Christianity minus the crucifixion

Main: Now let's really look ahead. You have already indicated: What help can arise in your eyes from religion, from religions?

Wolffsohn: I would make a difference. So, as a Jew, I say this very consciously, not critically, but descriptively: The consoling religion is of course Christianity, if we take the Gospels - minus the crucifixion, which also poses the basic question of human existence as to why. Why is this great man Jesus - whether spoken in faith or not - crucified and survive the villains? In the Old Testament you always have the angry God, the loving God, the merciful God in this refraction.

The crucifixion of Christ poses the question of God's will (imago stock & people)

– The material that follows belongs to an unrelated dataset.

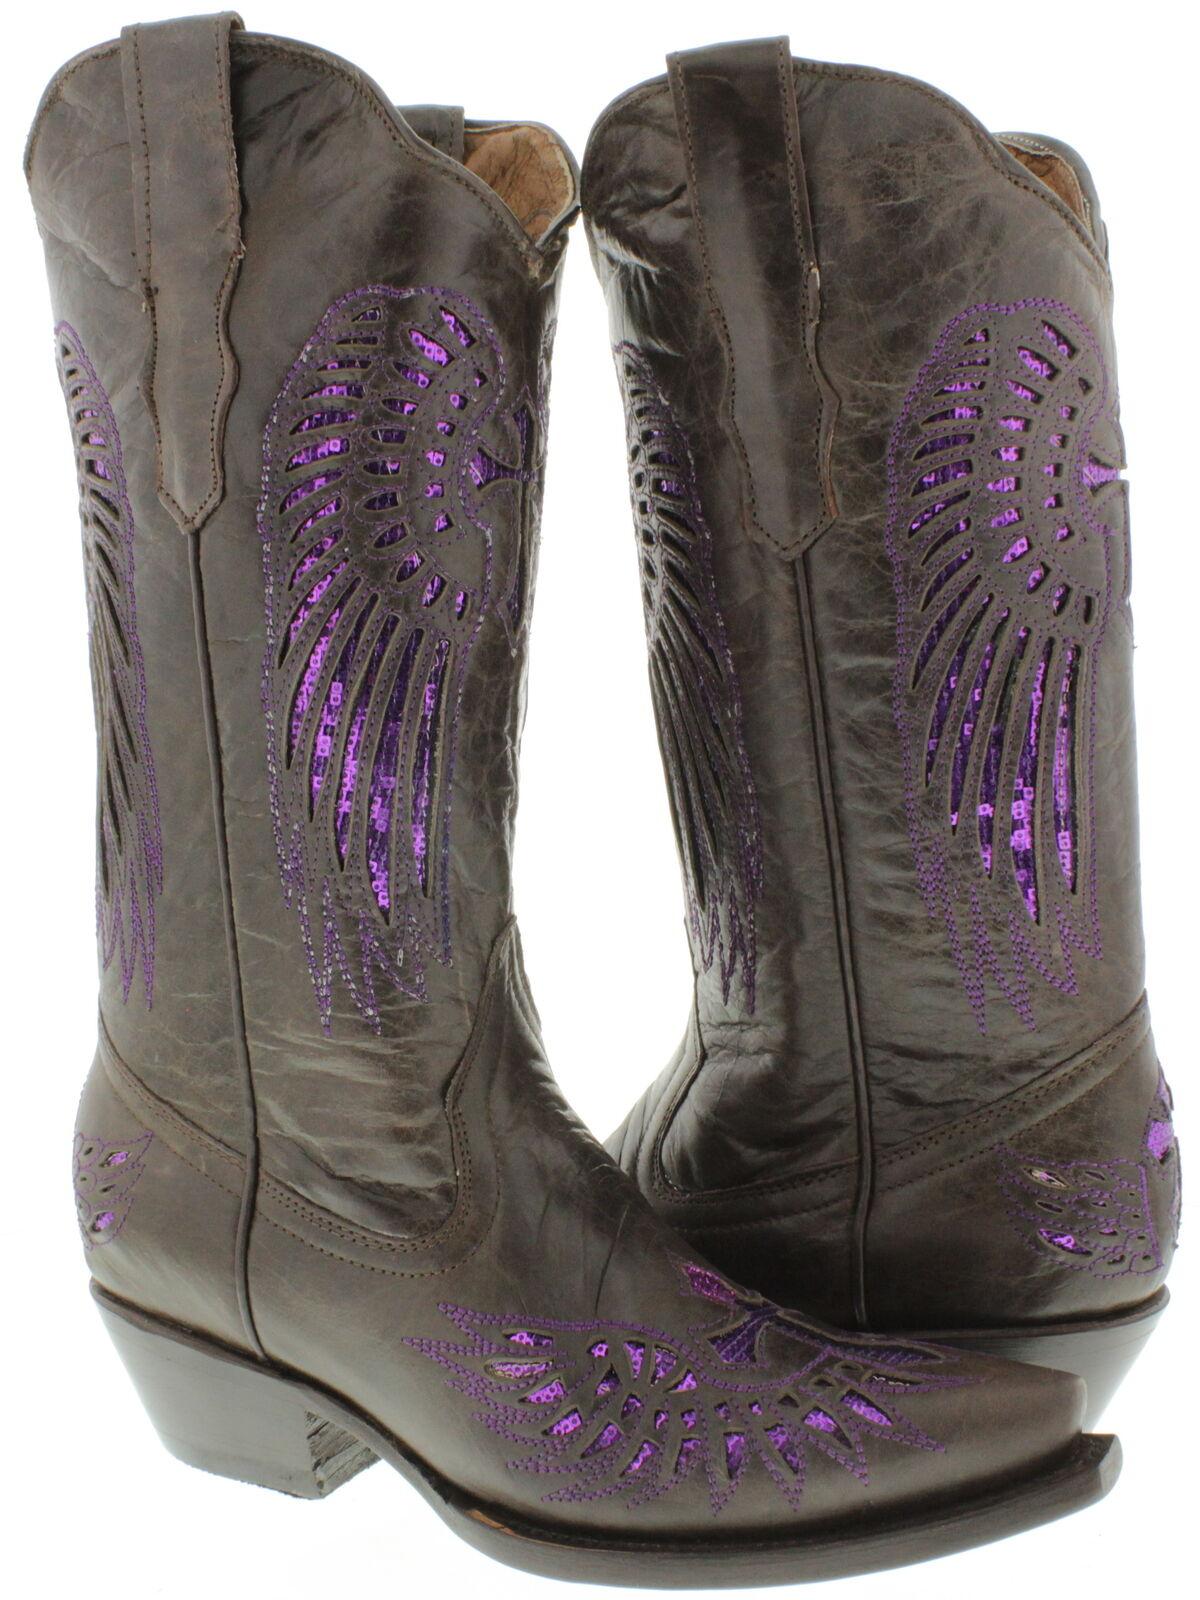 Para Mujeres Mujeres Mujeres Cruz Alas Incrustación Marrón Cuero Púrpura Lentejuelas botas de vaquero SNIP Toe  artículos de promoción

And we are now experiencing the broken, but in public reflection a one-dimensional rule of behavior is recommended to us, so to speak. Yes, not even in the sense of the suppression of freedom, everything is well meant, but I lack the reflection of the concrete situation in relation to the general being. Say: How is that possible? Although we know so much, we are addicted to a mini-mini-mini virus around the world right now. Those are elementary questions!

"Religion is responsible for the soul"

Main: How is that possible? What answer would arise from a Jewish perspective?

Wolffsohn: From the Jewish perspective, that is the difficult and at the same time fascinating thing about Judaism, there is no definitive answer. When the rabbinical sages, to make this clear with an example, the rabbinical sages, i.e. the Talmud founders, had controversial discussions and got to the origin of existence and then ultimately said: That God allows this is unheard of ! And then a voice sounds, a heavenly voice, they say, and it then says to these rabbinical sages: It is not up to you to decide, but to God.

The insight that, despite our much knowledge, we don't know so much. And that means in turn: We should not concentrate on one-dimensionality, but on multi-dimensionality, because we also need the soul. And religion is more responsible for the soul than virology and politics.

"Religion is not an executive body of politics"

Main: To what extent do you, as a Jew, see consolation potential in a situation like the current pandemic situation in Christianity?

Wolffsohn: Just as little as in Judaism. Christianity is a wonderfully comforting religion for everyday life if you stick to what Jesus preached above all. But it is also no consolation when you consider the end - that is, the crucifixion.

And we as human beings have to come to terms with the fact that our existence is constantly in danger. And we have often forgotten that, we suppress death. And in this respect it would have been a great opportunity for the institutionalized religions - it still exists - to lead us back to this thought.

(Albert-Ludwigs-Universität Freiburg / Britt Schilling) Theology and Corona - Prudent through the crisis of faith
Modern theology must be subordinate to scientific knowledge. Nevertheless, the Catholic theologian Magnus Striet said in the Dlf: "I do believe that it helps to fix oneself in God in the end."

Not in the sense of grumpiness or the constant appeal "Remember our mortality!", But in this sense: "Beyond enjoyment, joy of life, which is something wonderful - life is beautiful - you must always ask: How Am I living today, if I am possibly already dead tomorrow? And if I am dead, what then? Is it just nothing? Do I come to God or do I not come to him? Does he exist? "

So to ask these questions of being beyond the questions of pleasure, that is the task of religion; and not, executive body and also supplier of ideologies of the respective politics.

Statements by our interlocutors reflect their own views. Deutschlandfunk does not adopt statements made by its interlocutors in interviews and discussions as its own.